Comment 1 for bug 1948680

Revision history for this message
Giuseppe Petralia (peppepetra) wrote : Re: Removing one ovn-central unit doesn't remove the server from the Southbound cluster

Subscribing field-medium.

This issue can cause major outages when sb and nb clusters can't elect a leader because of stale ovn-central units in the cluster.

Starting from 3 ovn-central, we had to remove 2 ovn-central (because of hw maintenance) and added two back. We didn't manually cluster/leave.

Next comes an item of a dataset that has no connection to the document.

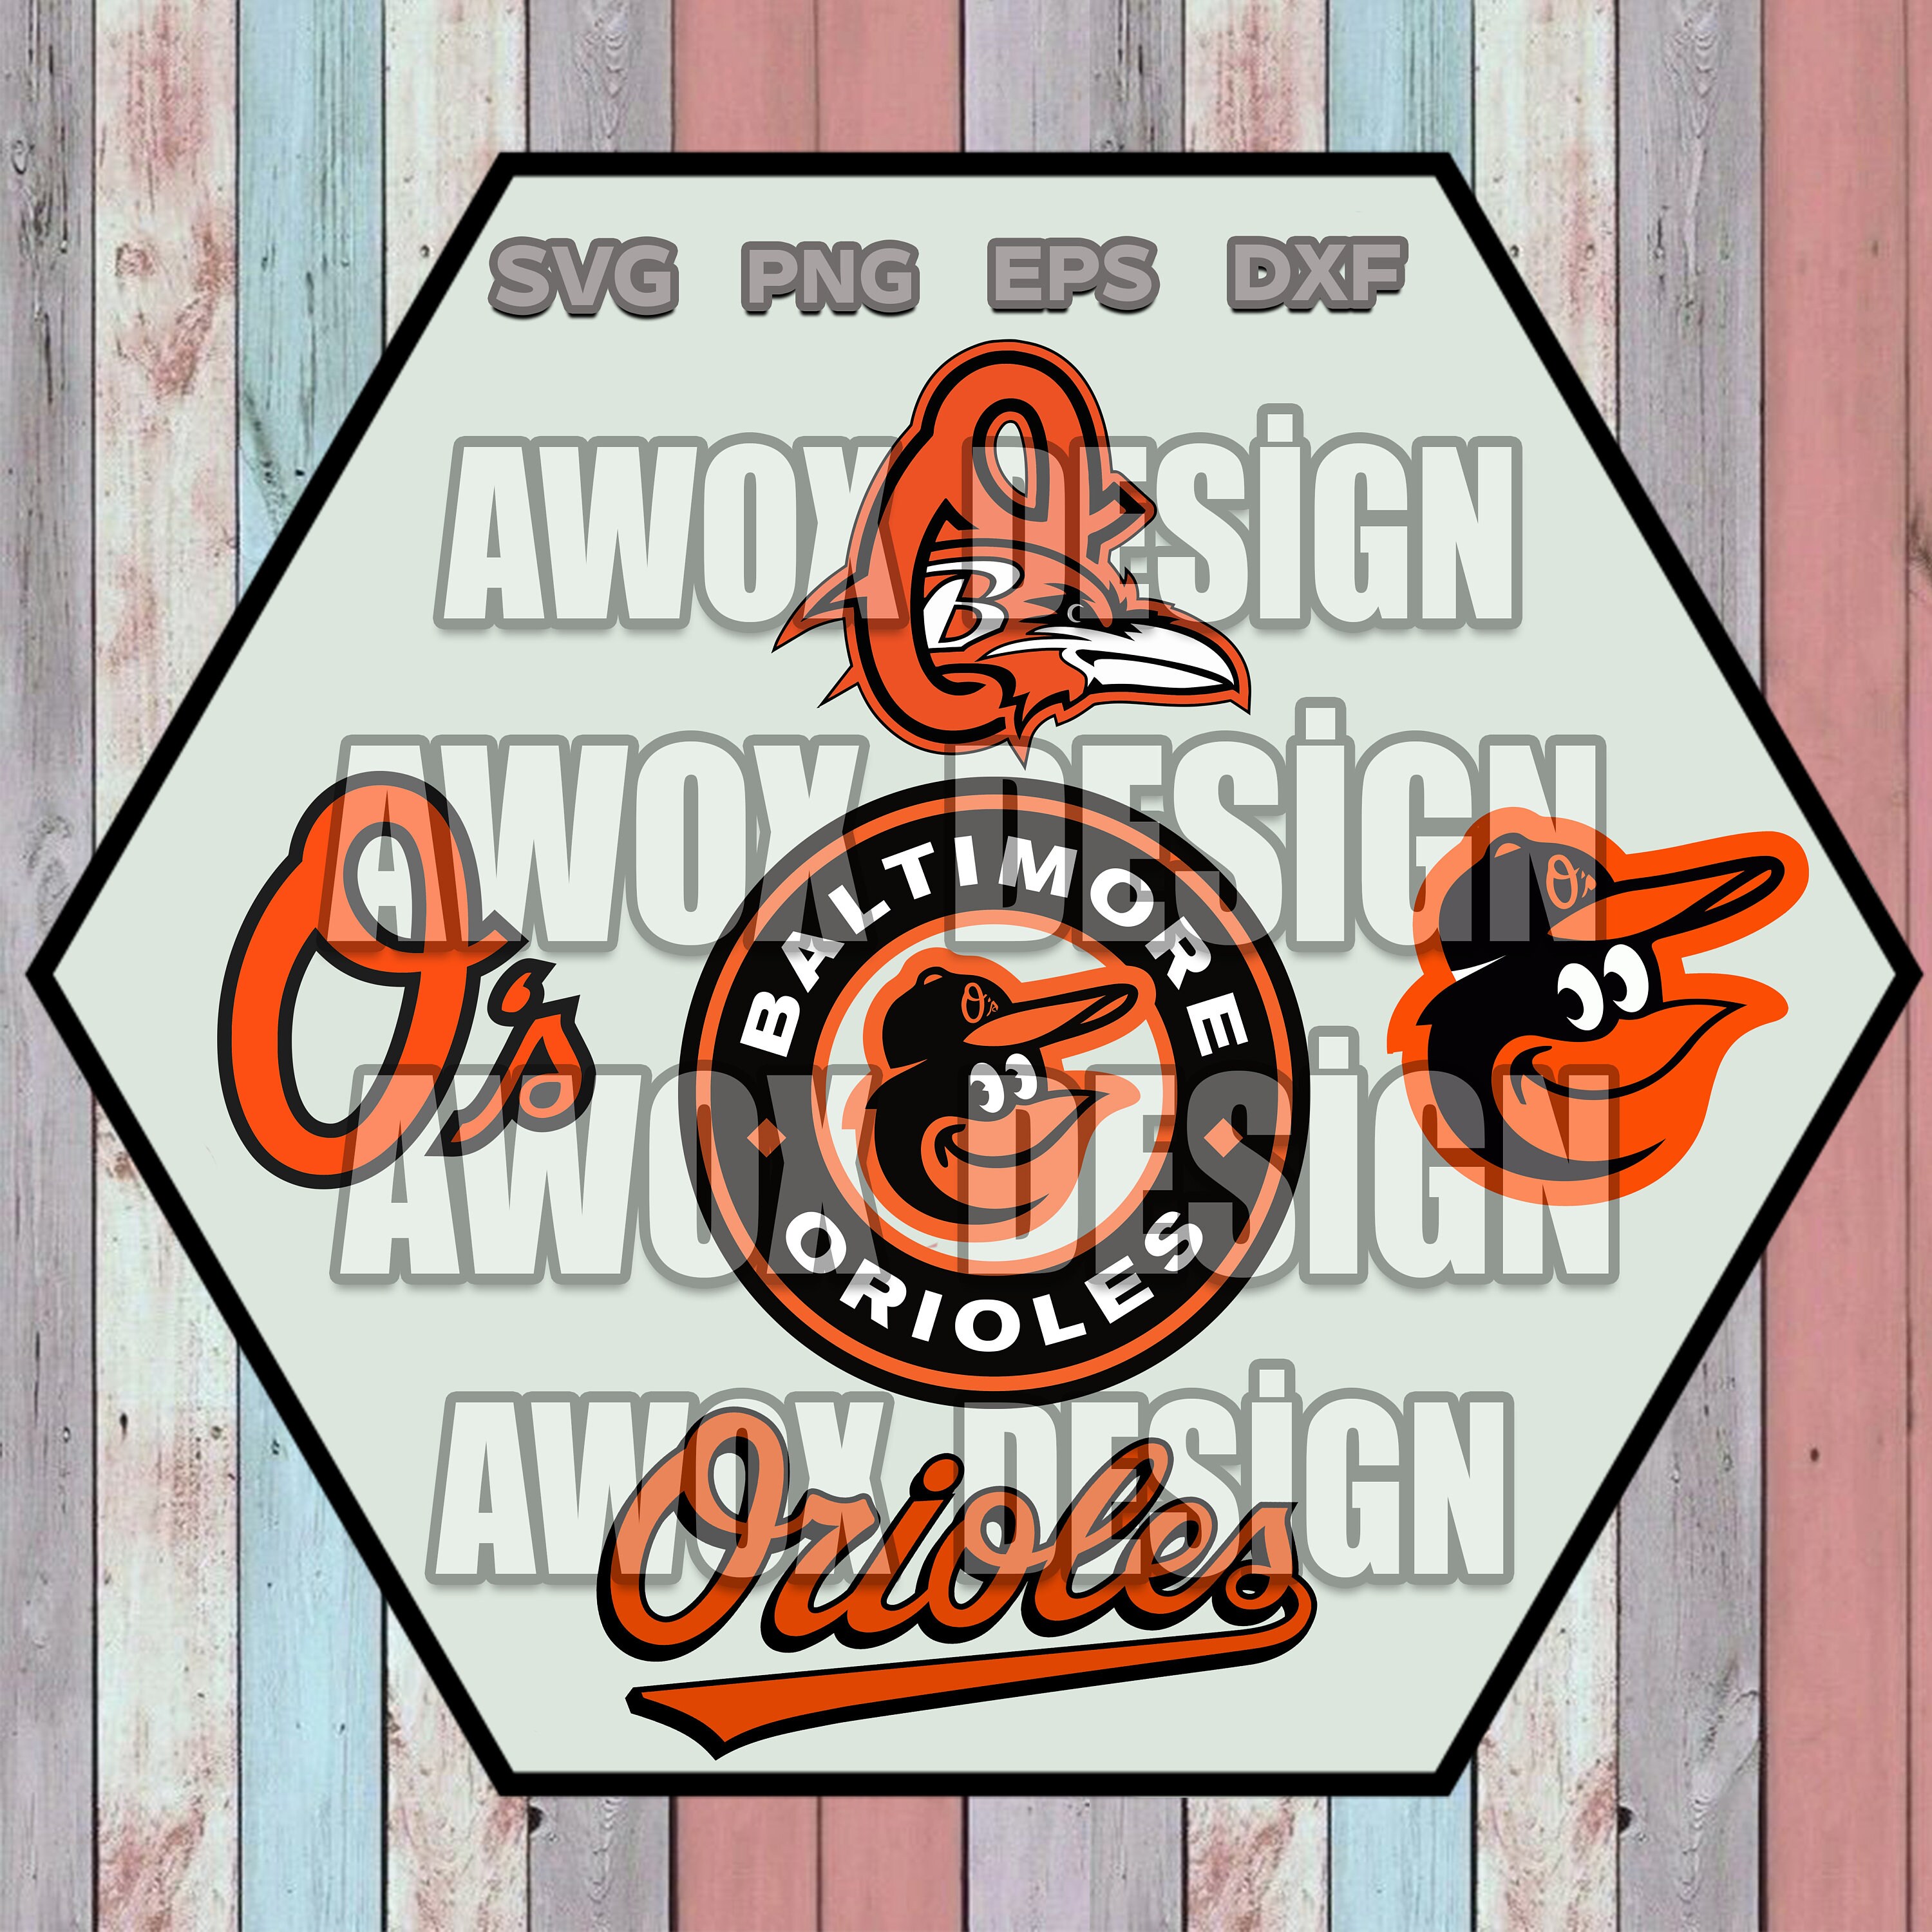 Baltimore Orioles SVG File – Vector Design in, Svg, Eps, Dxf, and Jpeg  Format for Cricut and Silhouette, Digital download – SVG Shop

The two raft clusters were unable to elect a leader because both SB and NB had 4 members of which 2 down and the 5th unit could not join the cluster

The 3 left ovn-central were /2 /3 /4

To recreate the clusters we followed these steps:

Recovery steps:

1. stop all units:
juju run-action ovn-central/2 pause --wait
juju run-action ovn-central/3 pause --wait
juju run-action ovn-central/4 pause --wait

2. created standalone on ovn-central/2
# ovsdb-tool cluster-to-standalone /tmp/standalone_ovnsb_db.db /var/lib/ovn/ovnsb_db.db
# ovsdb-tool cluster-to-standalone /tmp/standalone_ovnnb_db.db /var/lib/ovn/ovnnb_db.db

3. create clusters
ovsdb-tool create-cluster /var/lib/ovn/ovnsb_db.db /tmp/standalone_ovnsb_db.db ssl:<ovn-central-2-ip>:6644
ovsdb-tool create-cluster /var/lib/ovn/ovnnb_db.db /tmp/standalone_ovnnb_db.db ssl:<ovn-central-2-ip>:6643

4. Resume ovn-central/2

5. Join cluster from ovn-central/3

ovsdb-tool --cid=<new-sb-cid-took-from-ovn-central-2> join-cluster /var/lib/ovn/ovnsb_db.db OVN_Southbound ssl:<ovn-central-3-ip>:6644 ssl:<ovn-central-2-ip>:6644
ovsdb-tool --cid=<new-nb-cid-took-from-ovn-central-2> join-cluster /var/lib/ovn/ovnnb_db.db OVN_Northbound ssl:<ovn-central-3-ip>:6643 ssl:<ovn-central-2-ip>:6643

6. Resuming /3
juju run-action ovn-central/3 resume --wait

7. Fixing leader-set
juju run -u ovn-central/leader leader-set nb_cid="<new-nb-cid-took-from-ovn-central-2>"
juju run -u ovn-central/leader leader-set sb_cid="<new-sb-cid-took-from-ovn-central-2>"

8. Resuming /4
juju run-action ovn-central/4 resume --wait